Castle of Illusion Starring Mickey Mouse is a perfect example of a remake done right. Everything that you loved from the original game is present, with added extras that will make you come back for more. As mentioned before, The difficulty found in the original game is changed to fit a wider range of players, so veterans may want to play on a higher difficulty to get a challenge. No matter what level you play on, the continues are unlimited and checkpoints are more plentiful, so all the controller smashing deaths you experienced with the Genesis game are less painful here. My favorite thing about the game is that it is a scarier, more mature adventure that Mickey takes us on this time around.
This game has a scary monster tree, fueled by greed…

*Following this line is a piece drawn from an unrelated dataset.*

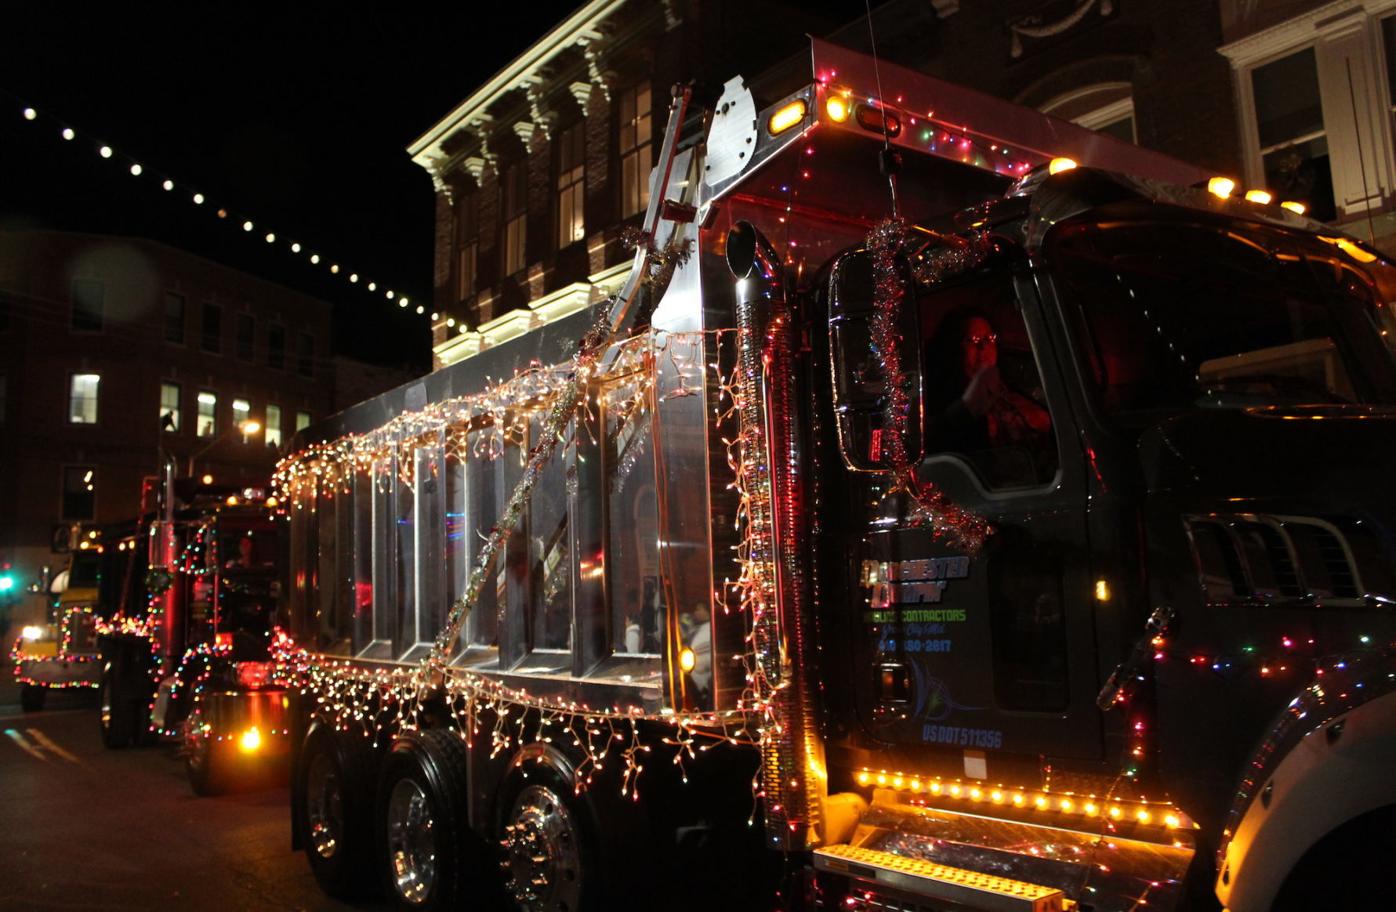 Cambridge Christmas parade features 'Past and Present' Local
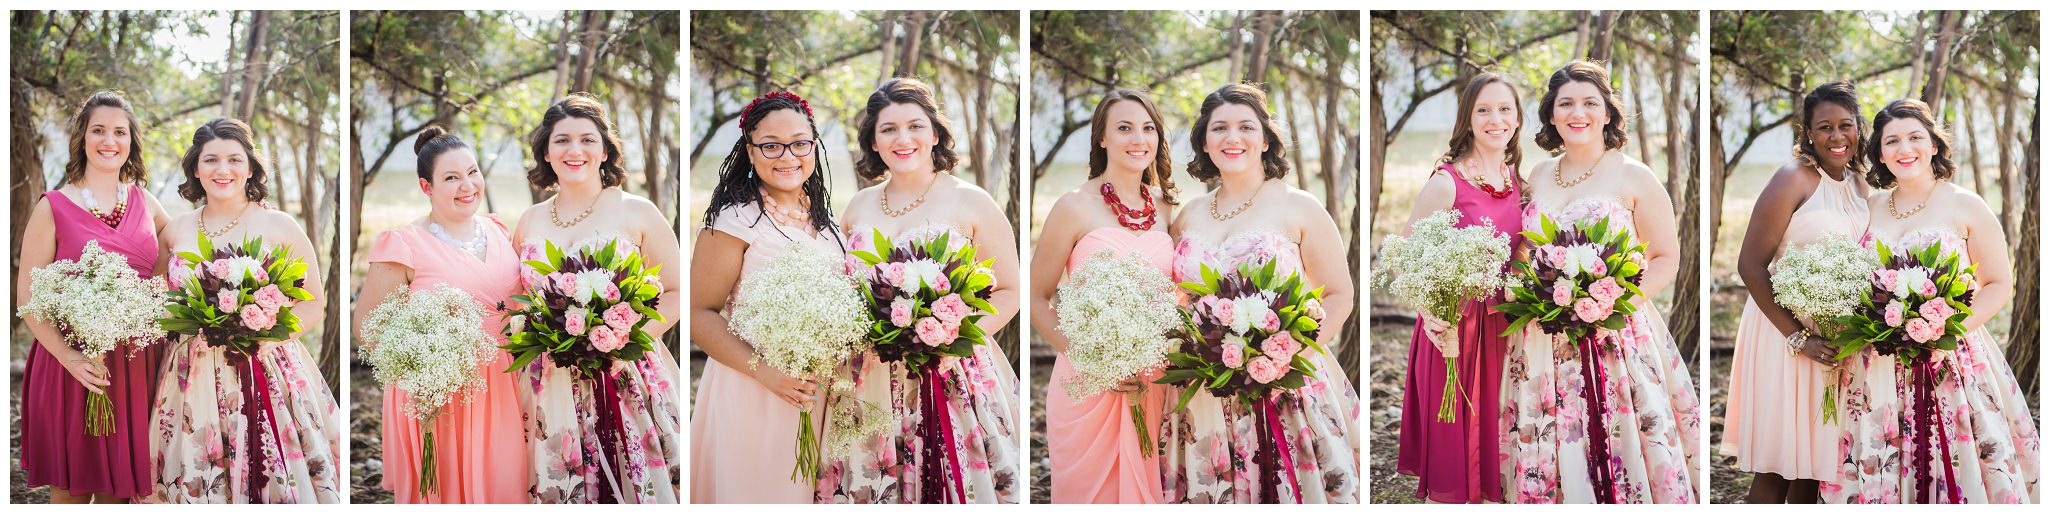 Kerrville Wedding Photographer Unique fun wedding with floral dress 0017

…a shocking jack-in-the-box Clown, alone, forsaken, and would KILL for a friend……
….scary underwater monster babies, isolated, unloved, alone, abandoned, outcast and vicious…
…..and a mysterious, fantastic new villain!
4. DuckTales Remastered
DuckTales Remastered is an HD upgrade done right. No shortcuts have been taken – every level has been given new backgrounds and animations, from the jungles of the Amazon to spaceships on the moon, with Scrooge McDuck vibrantly popping off the screen, Everything looks and sounds slick, with new story sequences bulking up the action – they occasionally feel forced, but mostly contribute to drawing you further into the DuckTales world.
All of this makes a classic action-platformer spring to life in a new age. Playing as Scrooge McDuck, you’re motivated by money, treasure and saving your nephews. It’s a simple game – you jump on enemy heads with your pogo stick or whack them with your cane, and occasionally you may need to hit an object into another object, or move an object so it acts as a platform, but that’s as complicated as it ever gets. Mostly, it’s about using these simple elements to discover and explore each of the five stages placed in front of you.
There are hidden walls, secret areas, and special items littered throughout the levels. You’ve got to collect these in order to progress, while also finding as many gems as you can to help boost Scrooge’s personal wealth. The levels may not be the most complex, sprawling affairs, but there’s enough going on to keep things interesting across multiple playthroughs – and, due to the high difficulty of the game and the low amount of lives you’re gifted, you’ll be looking at the same scenery and obstacles over and over again.
Ducktales Remastered was a great game and you could call it a more forgiving version of Mega Man!
5. Disney Infinity
This is a game where you get to create your own world and then interact with it. A creative concept by Disney and very fun for kids.